Worker Tool for Computational Studies

programming
Published

February 12, 2023

Large statistical simulations and other computational studies often consist of a collection of independent tasks to be processed. For example, to study properties of an estimator, we may wish to vary the parameters of an assumed data-generating mechanism along with the sample size. The estimator requires substantial amount of computation because it makes use of a Markov chain Monte Carlo (MCMC) procedure. We generate 500 datasets in each setting, evaluate the estimator, and save the results to be summarized and later. From a parallel computing perspective, such tasks are described as embarrassingly parallel because they do not need to interact while they run.

There are usually many more tasks than available processors. Suppose we are limited to the use of \(k\) processors; we would like to keep these \(k\) processors busy with our workload without using additional processors.

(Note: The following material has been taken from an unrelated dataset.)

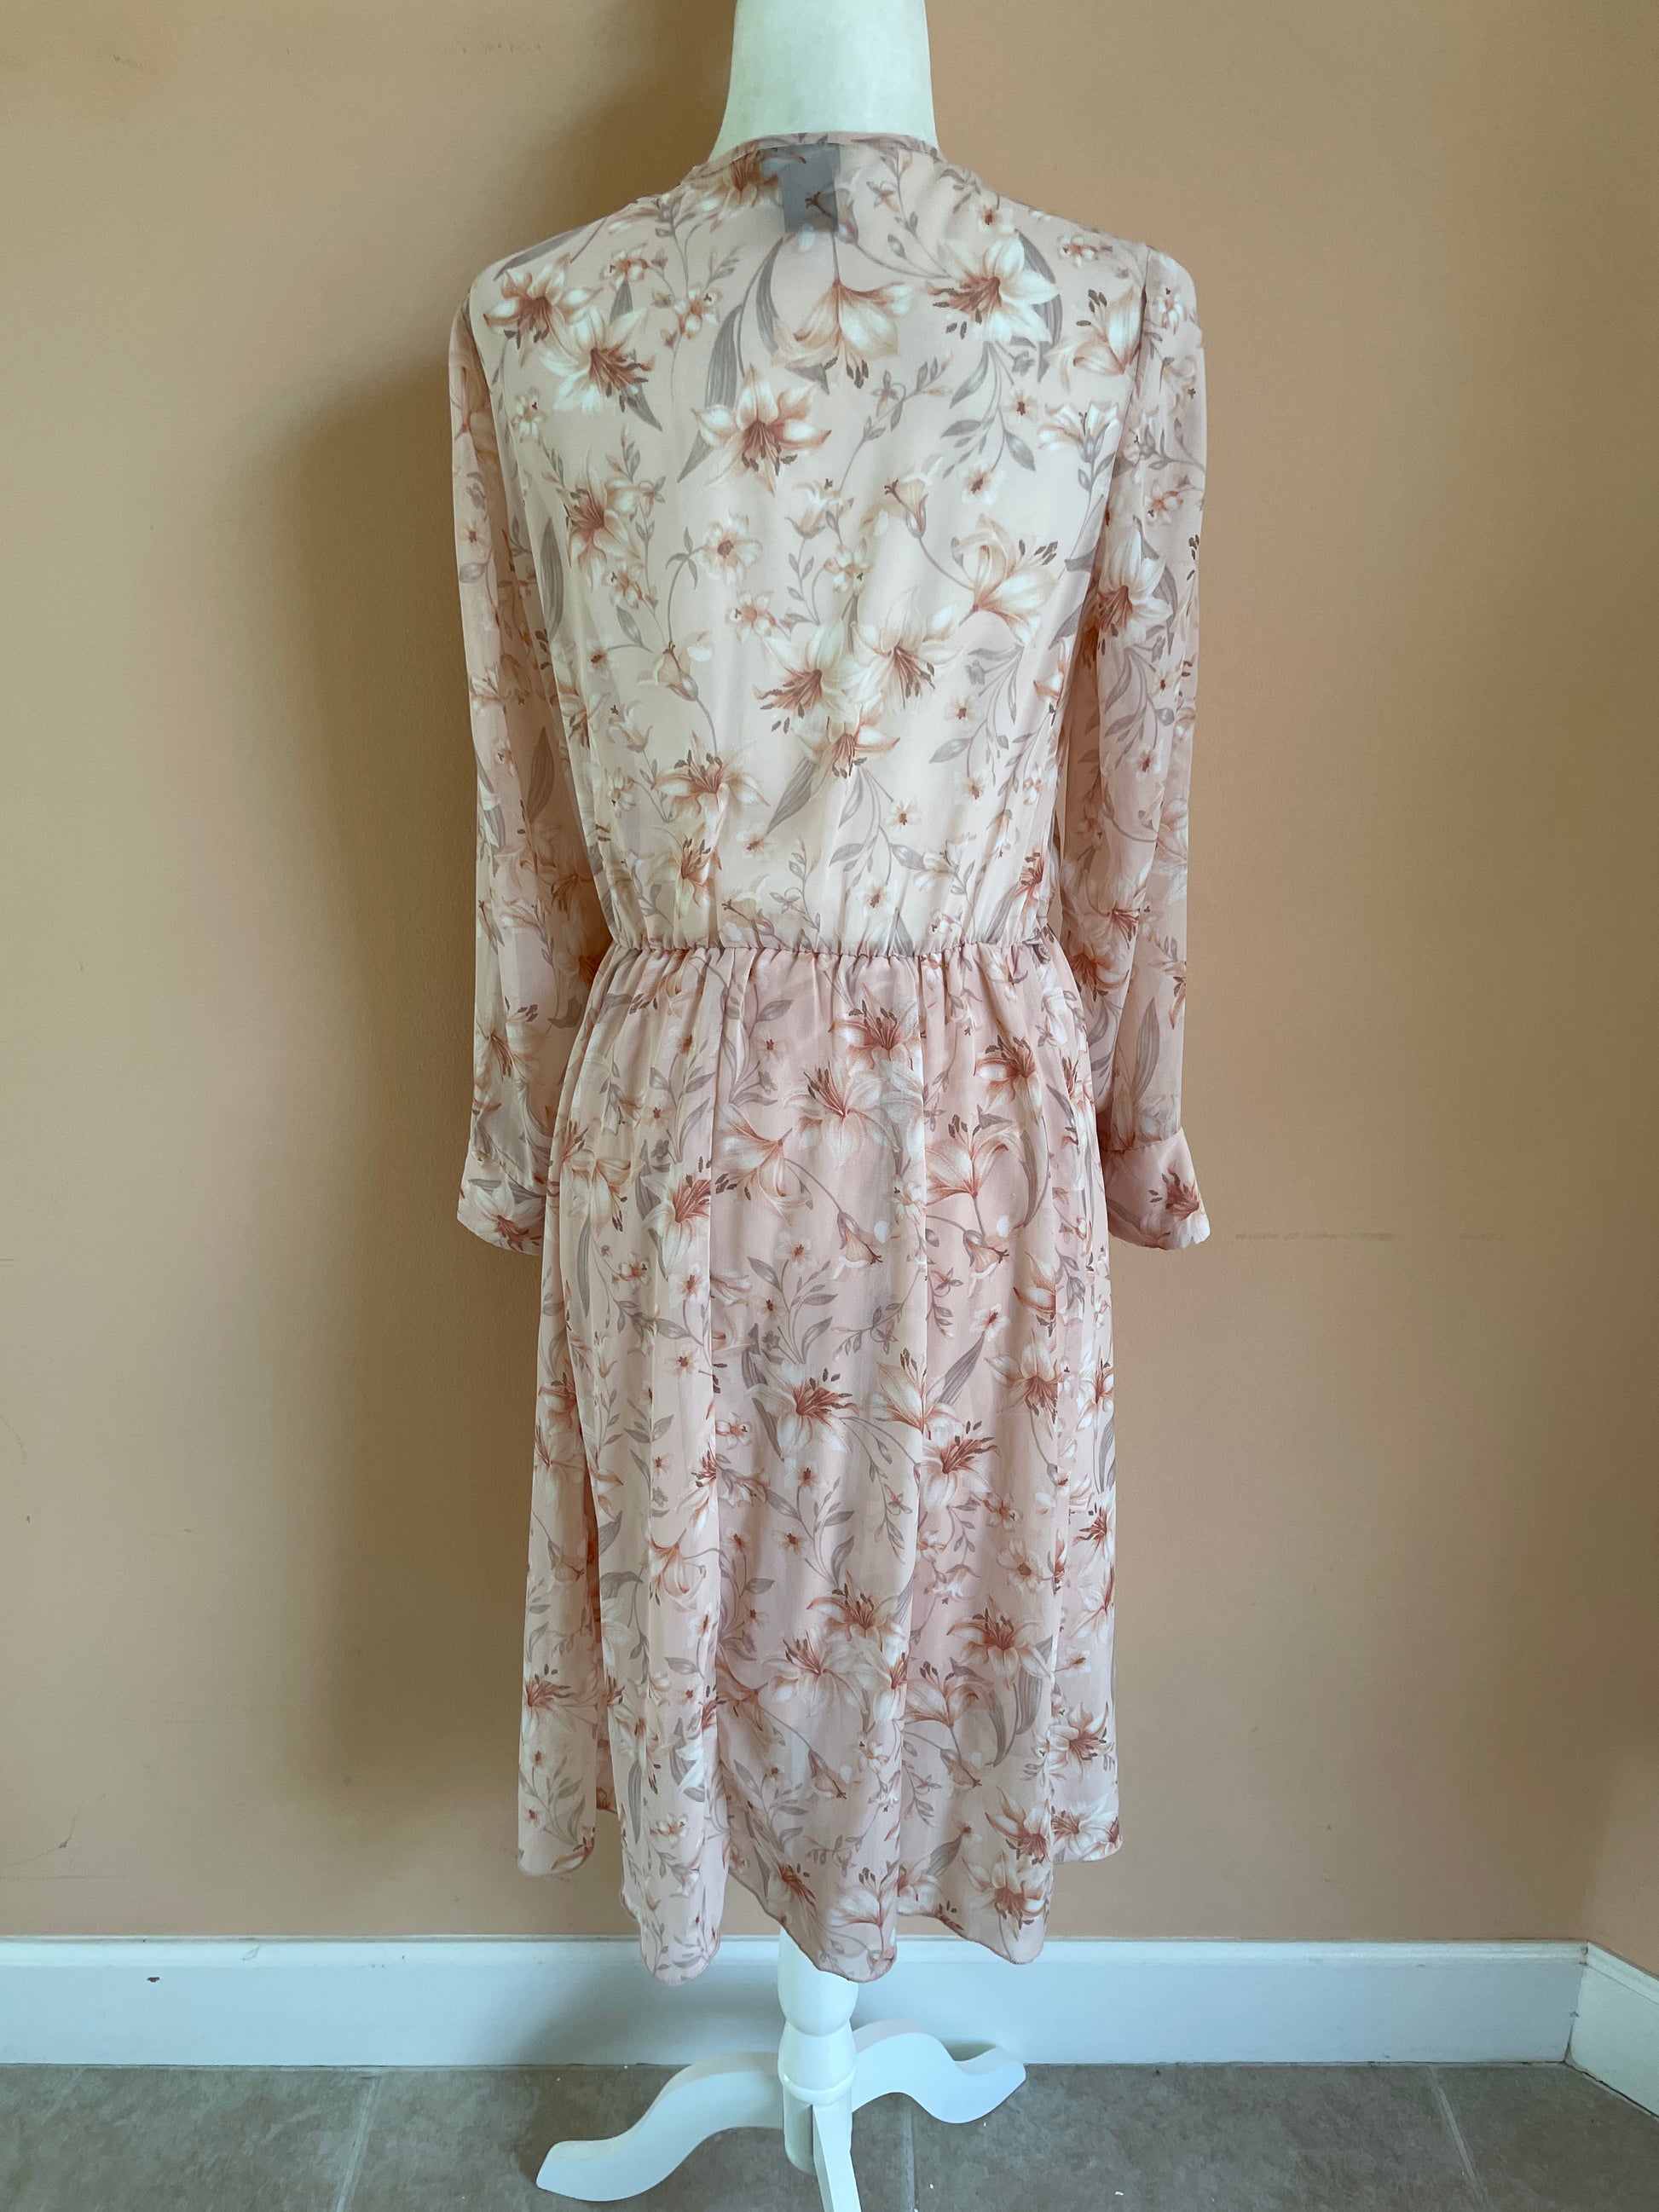  2000’s Pink Floral Sheer Poly Dress S/M

Ideally, we would like to do this without the need for manual intervention. Worker is a lightweight tool to help automate this process.

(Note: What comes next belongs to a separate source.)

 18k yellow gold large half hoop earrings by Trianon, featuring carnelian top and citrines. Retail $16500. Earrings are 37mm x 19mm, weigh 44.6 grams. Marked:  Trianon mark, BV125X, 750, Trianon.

Suppose our study consists of a one parameter with 1000 levels. Suppose that we have set up 1000 corresponding directories, named as follows.

$ ls -1
run000
run001
...
run999

In each folder, suppose there is a script launch.R that runs the corresponding level of the simulation. An output file output.csv is placed in the directory upon successful completion of launch.R.

$ ls run000
launch.R    output.csv

We would like to run \(k\) of the launch.R scripts at a time until the collection of 1000 tasks is complete. The worker script attempts to automate this in a way that is agnostic of the underlying simulation. It loops through tasks and runs them sequentially, but multiple workers can be run simultaneously on the same study to achieve “embarrassingly parallel” parallel computing. Workers make use of lock files to avoid stepping on each other’s toes: each task is taken up by only one worker. This paradigm can be useful in shared computing environments where users may be asked to limit the number of processors requested at any given time. We can start, say, ten workers to ensure ten simultaneous tasks rather than having to continually monitor a scheduler’s queue and submit more tasks.

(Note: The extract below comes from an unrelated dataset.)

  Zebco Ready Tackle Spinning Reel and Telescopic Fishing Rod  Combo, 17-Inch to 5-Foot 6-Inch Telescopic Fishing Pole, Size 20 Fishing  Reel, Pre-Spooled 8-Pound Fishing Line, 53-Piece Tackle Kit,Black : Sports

Here is an example of the syntax used to invoke each worker in this example.

$ worker.sh -p 'run???' -c 'Rscript launch.R'

The worker looks for folders whose names match pattern run???. When such a folder is found, it enters the folder and first checks to see if the task has previously been claimed by a worker (including itself in a previous iteration). If not, it claims the task and launches it via the specified command Rscript launch.R. The task is run in the worker’s foreground until completion. The worker terminates when it is no longer actively engaged and there are no unclaimed jobs remaining.

After all of the runs are completed, we will likely want to load each of the output.csv files and construct tables and plots to summarize the results. This post may be helpful if you are looking to construct Latex tables from a computational study.